We use dedicated trailcam-like recorders that drop `.wav` files to a 256GB SD card for a few months on four "C" size batteries. Several sites are very remote (islands separated from mainland by several miles), and recordings are scheduled for only 6 hours per day according to the study's focus.
It's using a cheap (0.40c) sound card, but personally I choose to have high quality mics (primo em272 mic capsules, used in high quality parabolic systems.
However, there's nothing to stop you using < 10.00 euro microphones.
sbts-aru writes the files to an SD card so you don't need a whole running windows for this.
Also, it passes all the audio through real time jackd, so while it's writing files you can also have an addition consumer running a real time matchin algorithm on it. If you use a Pi 4 or 5 you would be able to also do that at the same time on the same Pi as is recording.

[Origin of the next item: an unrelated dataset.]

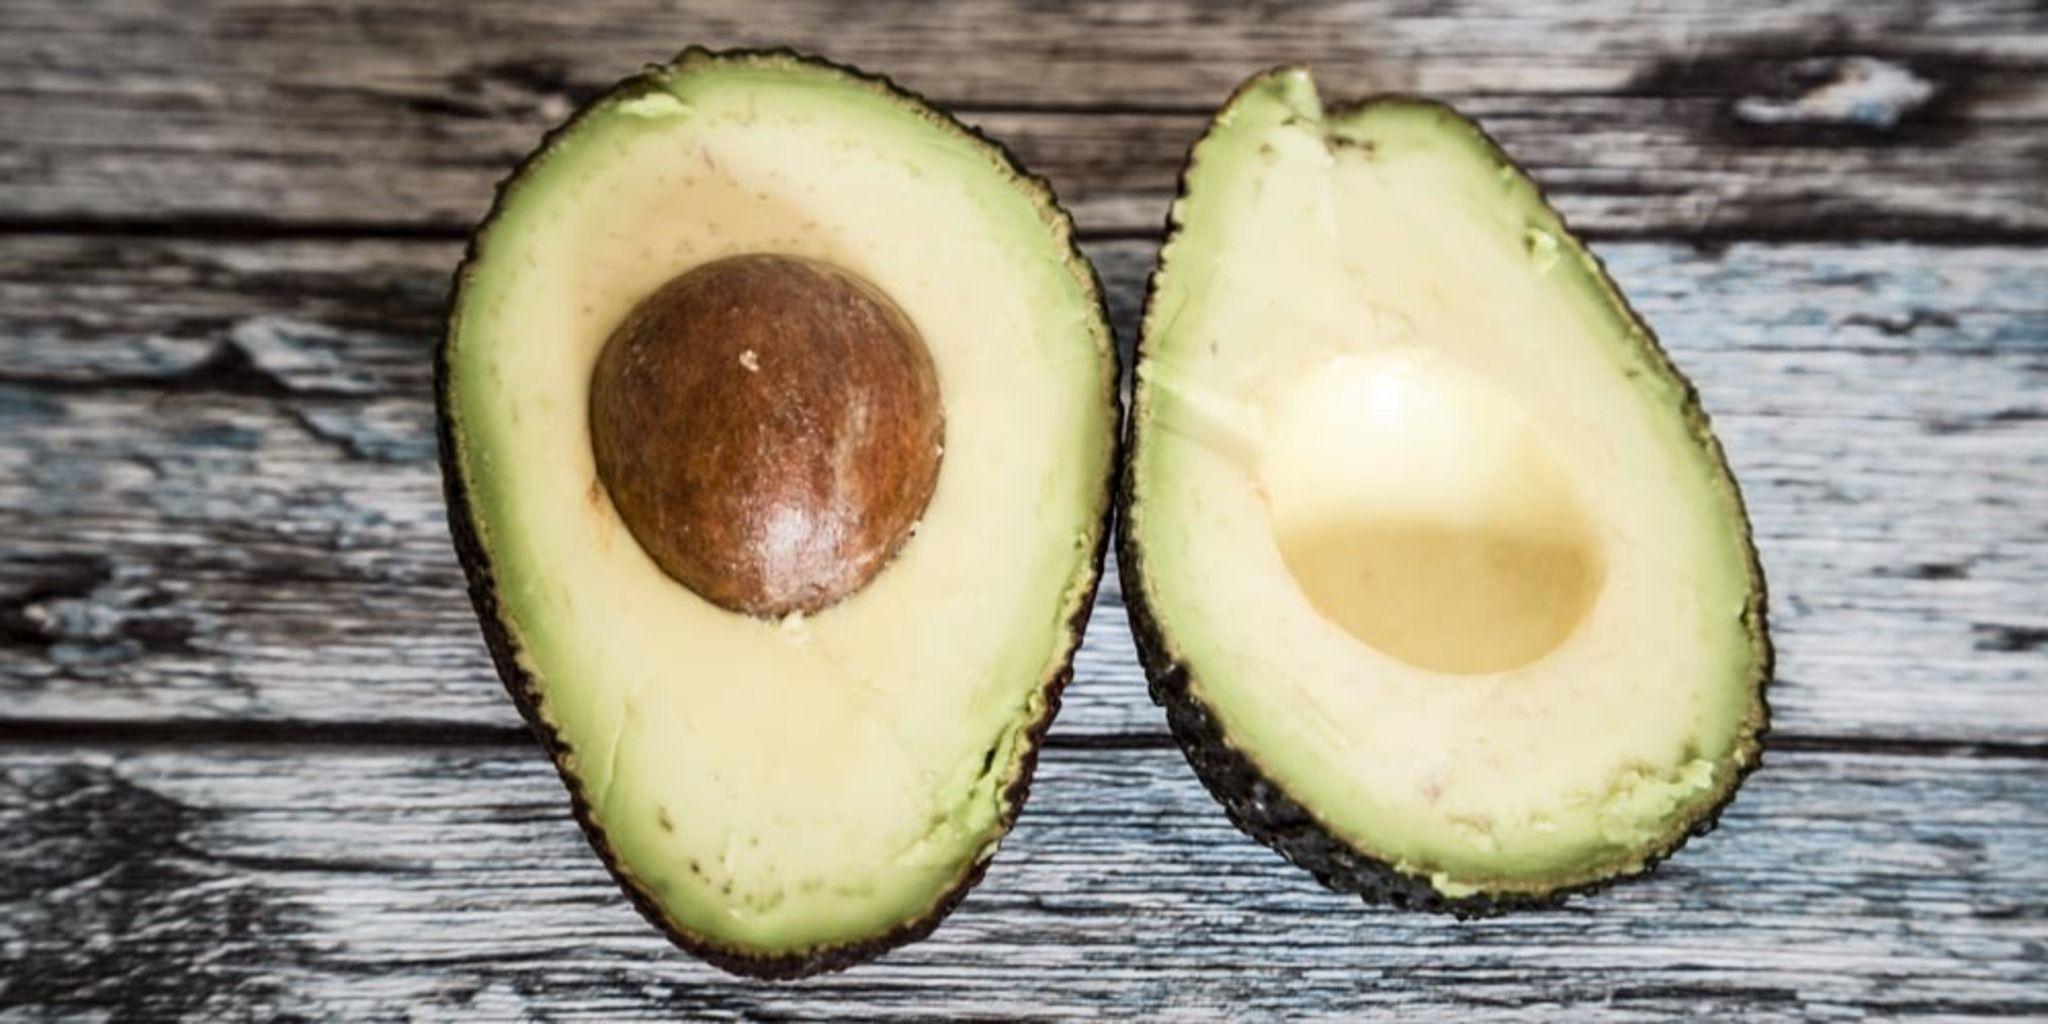 hoe avocado eten

PoE works better (cheaper, higher bandwidth, differential signalling for higher EMI resistance, readily shared, etc.). Plastic covers are ~free (splash out and deploy duct tape if necessary). MEMS mic -> I2C -> cheap MCU -> ethernet. Theory: Capture digitally, and send the data - forget XLR and other expensive analog 'professional' fancabulation[0]. [0] https://www.youtube.com/watch?v=Ac7G7xOG2Ag
POE very easily tends to inject noise into microphone inputs. If you run a Raspberry Pi for example with POE you get that. This can be fixed by using a power conditioning hat and a POE splitter but now the costs are really increasing.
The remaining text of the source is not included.